Decide the main branch policy:
Mode A — Solo-fast (recommended for this project right now): direct pushes to main.
- CI still runs on every push to main.
- Deploys are gated by “green main” + VPS verification steps (below).
Mode B — Multi-committer (defer until needed): PR-only merges into main with required status checks + code owner review (track in ../planning/roadmap.md).
Switch to Mode B when there is more than one regular committer, or when you want stricter enforcement than “green main + local hooks”.

Verification:

You can point to a quick note (even in a personal doc) listing current monitors + what each covers.

Step 1 — Verify CI runs on `main` pushes (operator)

Objective: ensure CI runs on pushes to main so you can treat “green main” as the deploy gate.

Confirm GitHub Actions workflows are enabled:
Repo → Actions → ensure workflows are enabled (not disabled by org/fork policy).
Push a trivial commit to main (e.g. a doc tweak).
Confirm the workflow runs and passes on that commit.

Verification:

GitHub Actions shows the backend CI workflow completing successfully on main.

Check name inventory (branch protection)

Use stable workflow/job check names shown in GitHub’s UI. Avoid renaming workflow/job IDs after you start requiring them.

As of the monorepo migration branch, the checks are used as follows:

Monorepo required on main: Backend CI / test, Backend CI / api-health, Frontend CI / contract-sync, Frontend CI / lint-and-test
Monorepo non-required, but useful: Backend CI / e2e-smoke, Frontend CI / docker-build-smoke
Backend-only optional broader gate: Backend CI (Full) / test-full (nightly/manual)
Workflow-file hygiene when enabled: actionlint
Datasets repo (when protecting datasets main): Datasets CI / lint (required)

Step 1a — Dependabot review/merge policy (operator + repo config)

Objective: reduce weekly maintenance overhead while preserving CI gating and human-only authorship in repository history.

Current repo policy:

Dependabot PRs stay open for human review and human-authored landing commits.
semver-patch and semver-minor updates may still be accepted quickly once CI passes, but they should be recreated in a human-authored commit or branch instead of merging the bot-authored branch directly.
semver-major updates remain manual review by default.
Close superseded or declined bot PRs after the human-authored replacement lands (or after you decide not to take the update).
Monorepo required checks on main should include Backend CI / test, Backend CI / api-health, Frontend CI / contract-sync, and Frontend CI / lint-and-test.
Backend CI / e2e-smoke and Frontend CI / docker-build-smoke remain useful non-required signals unless branch-protection appetite changes later.
The main branch no longer relies on broad CODEOWNERS review requests for dependency PRs, which avoids reviewer-notification noise while still keeping merge control with a human.

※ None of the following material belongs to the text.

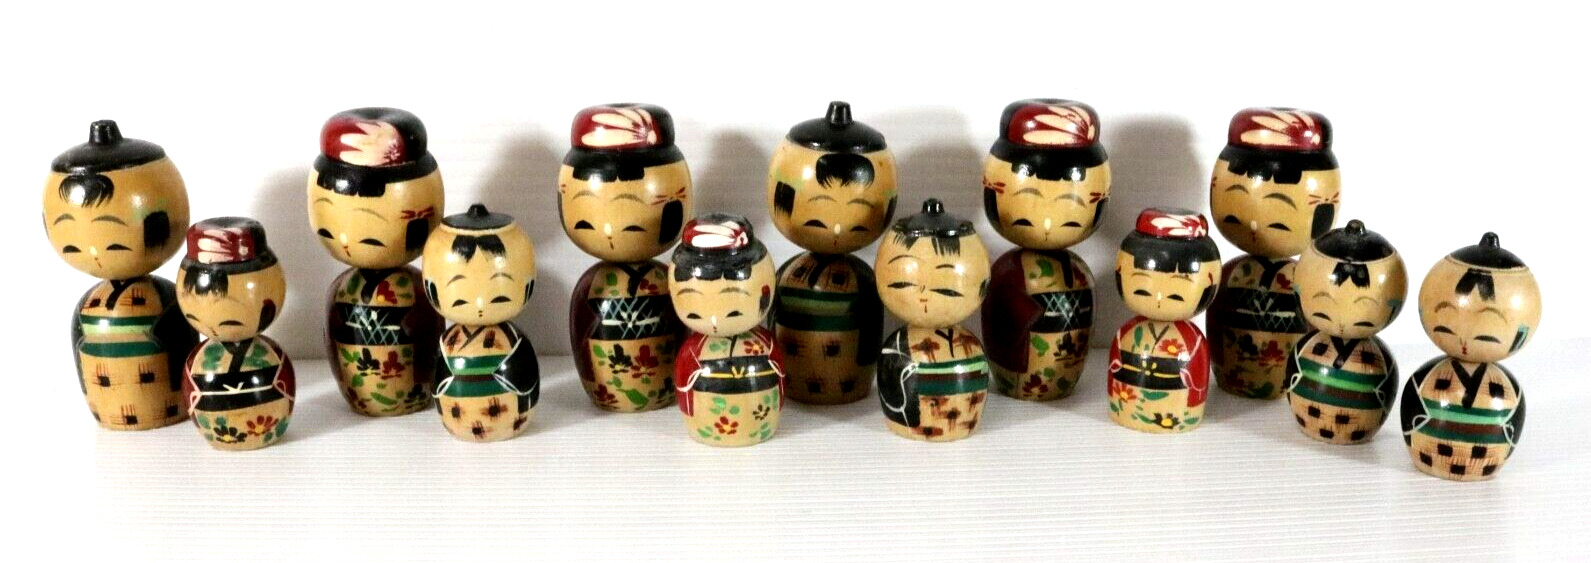 Lot of 13 Vintage Kokeshi Mini Wooden Japanese Dolls Family Made in Japan

Step 1b — End-to-end smoke checks (CI)

Objective: catch regressions where the apps “build” but user‑critical paths fail at runtime.

What the smoke does:

Starts the backend locally (uvicorn) with a tiny seeded SQLite + WARC dataset.
Builds and starts the frontend locally (next start) pointing at that backend.
Runs healtharchive/scripts/verify_public_surface.py against:
Frontend: /archive, /fr/archive, /snapshot/{id}, /fr/snapshot/{id}, and other key pages
API: /api/health, /api/sources, /api/search, /api/snapshot/{id}, /api/usage, /api/exports, /api/changes
Replay (pywb) is intentionally skipped in CI (--skip-replay).
The verifier includes minimal “not just 200” assertions:
/archive pages must include a stable Next.js marker (/_next/static/).
/snapshot/{id} pages must include the snapshot title returned by the API.

Where it runs:

Monorepo backend workflow: .github/workflows/backend-ci.yml job e2e-smoke
Tests backend changes against the in-tree frontend/.
Runs on pushes, pull requests, and manual runs from one checkout.
Monorepo frontend workflow: .github/workflows/frontend-ci.yml
Verifies contract sync, make frontend-ci, and a frontend Docker build smoke.

Local reproduction (from the monorepo root):

make venv
make frontend-install
make integration-e2e

On failure, the script prints the tail of the backend/frontend logs that it writes under:

healtharchive/.tmp/ci-e2e-smoke/

CI uploads the backend smoke logs as a GitHub Actions artifact on failure:

Backend repo: backend-e2e-smoke-artifacts

Step 2 — Solo-fast deploy gate (operator; recommended)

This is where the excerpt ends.